Разве у нас был выбор? Рано утром прибыл лейтенант из артиллерийского полка. Когда он попытался связаться со штабом, ему сообщили, что батарея, предназначенная для нас, еще даже не тронулась с места, потому что занимавший позиции по соседству полк отказался ее отпустить. К тому же на каждое орудие осталось всего по пять снарядов. А еще через пару часов начался этот чертов прорыв. В течение получаса – артподготовка из орудий всех калибров, а затем атака силами трех батальонов при поддержке двадцати танков. Наше единственное противотанковое орудие было разбито. Через десять минут нас опрокинули. Чуть дольше нам удалось удерживать командный пункт, потом русские танки разнесли его в щепки. Четыре последних оставшихся в живых солдата батальона и три офицера, наш командир, артиллерист и я, сидели в глубоком блиндаже. Русские подорвали вход туда и приказали нам выходить. Потом внутрь бросили ручную гранату. Мы растянулись у стен. В минуту затишья, когда я жег документы и карты, фельдфебель предложил сдаваться в плен. Два оставшихся офицера были против. Русский снаружи прокричал: «Еще две минуты – и можете считать себя мертвецами!» Один из рядовых бросился к входу и попытался выбраться наружу. Послышался выстрел. Я обернулся и увидел, как лейтенант стоит над телом рядового, который корчился в предсмертных судорогах и стонал. Прежде чем я успел пошевелиться, он приставил пистолет к своей голове и выстрелил. Остальные солдаты стали выбираться из блиндажа. Я посмотрел на командира. Тот кивнул. Тогда я тоже пошел к входу. Один из рядовых солдат подал мне руку и помог подняться наверх. Прогремел еще один выстрел. Наш командир батальона застрелился.

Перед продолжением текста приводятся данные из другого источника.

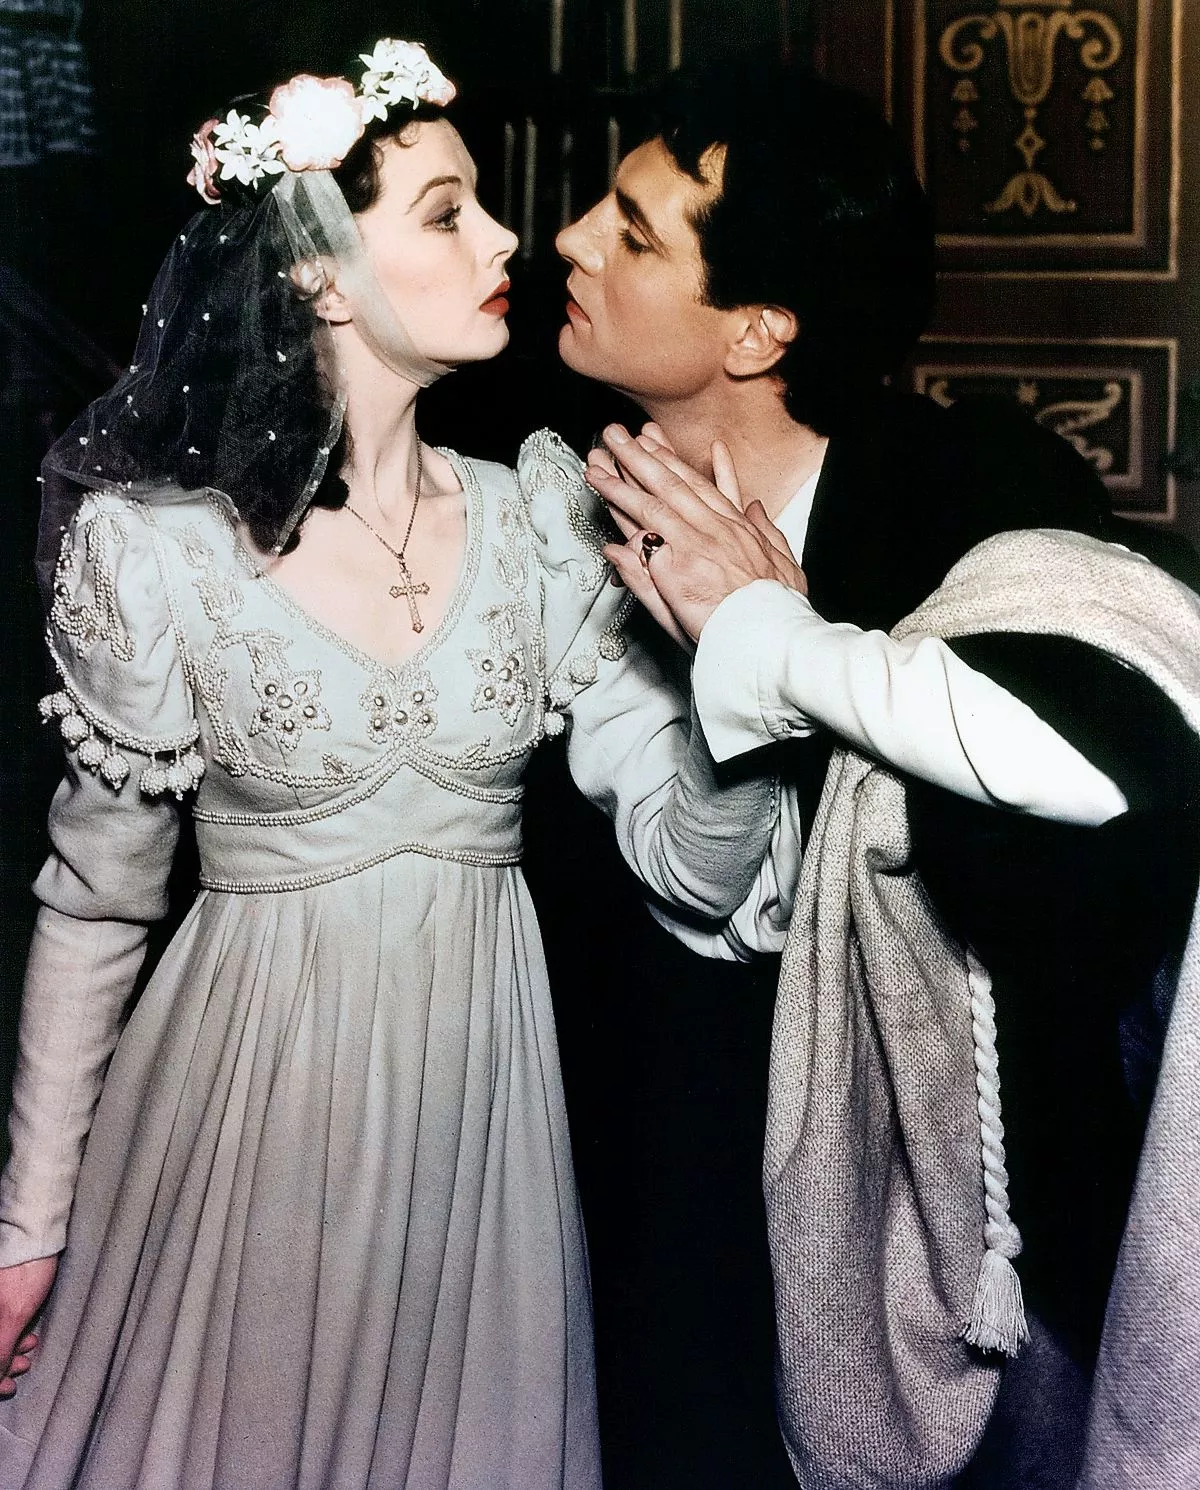 Вивьен Ли готовится поцеловать Лоуренса Оливье в спектакле «Ромео и Джульетта»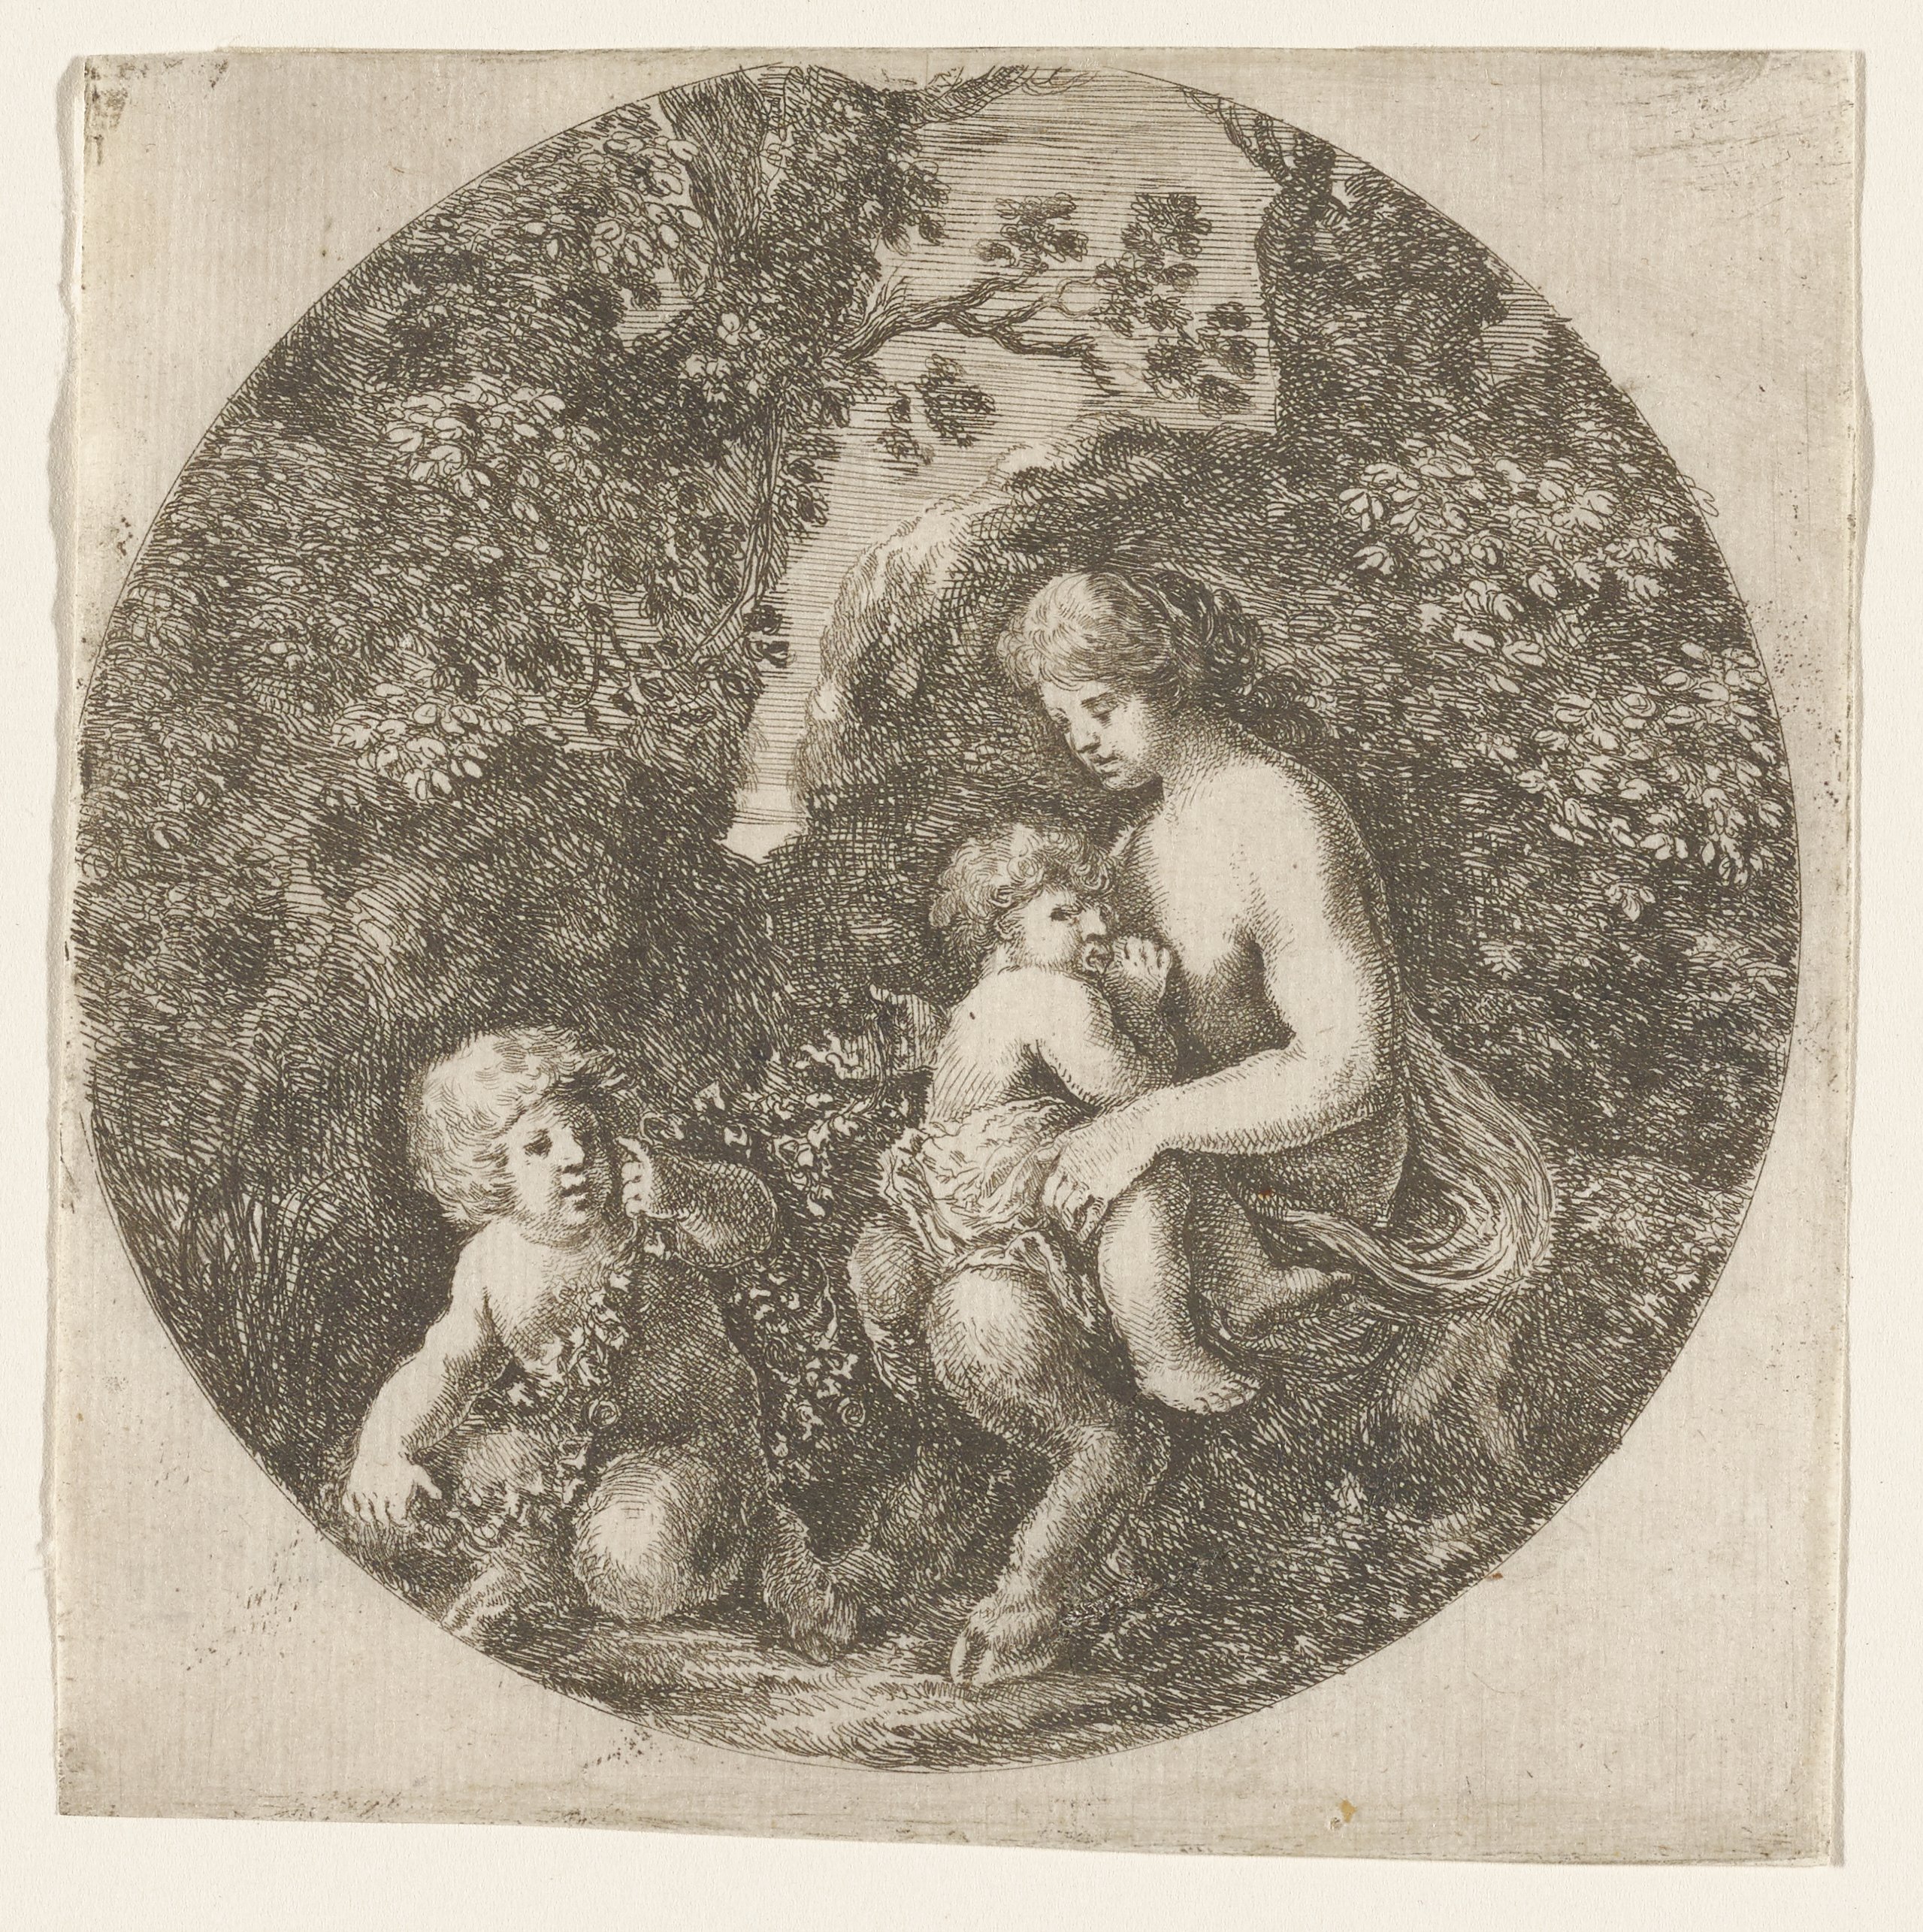 The Satyr's Wife, Stefano della Bella, 1656

Я оказался в окружении русских. Один из них указал на блиндаж: «Там еще кто-нибудь остался?» – «Трое мертвых», – ответил я и приставил руку к виску, изобразив выстрел себе в голову. «Мертвых? Почему мертвых? – удивился русский. – Нехорошо. Ты живой, и пойдешь домой. Немецкие солдаты будут жить в России. Гитлер мертвый – хорошо. Немцы живые – хорошо».
Пленник закончил рассказ. Через некоторое время я спросил его, не слышал ли он о нашем комитете в Москве.
– Да, – ответил он, – что-то говорили о комитете офицеров в специальной сводке новостей для офицерского корпуса, но, конечно, все это неправда.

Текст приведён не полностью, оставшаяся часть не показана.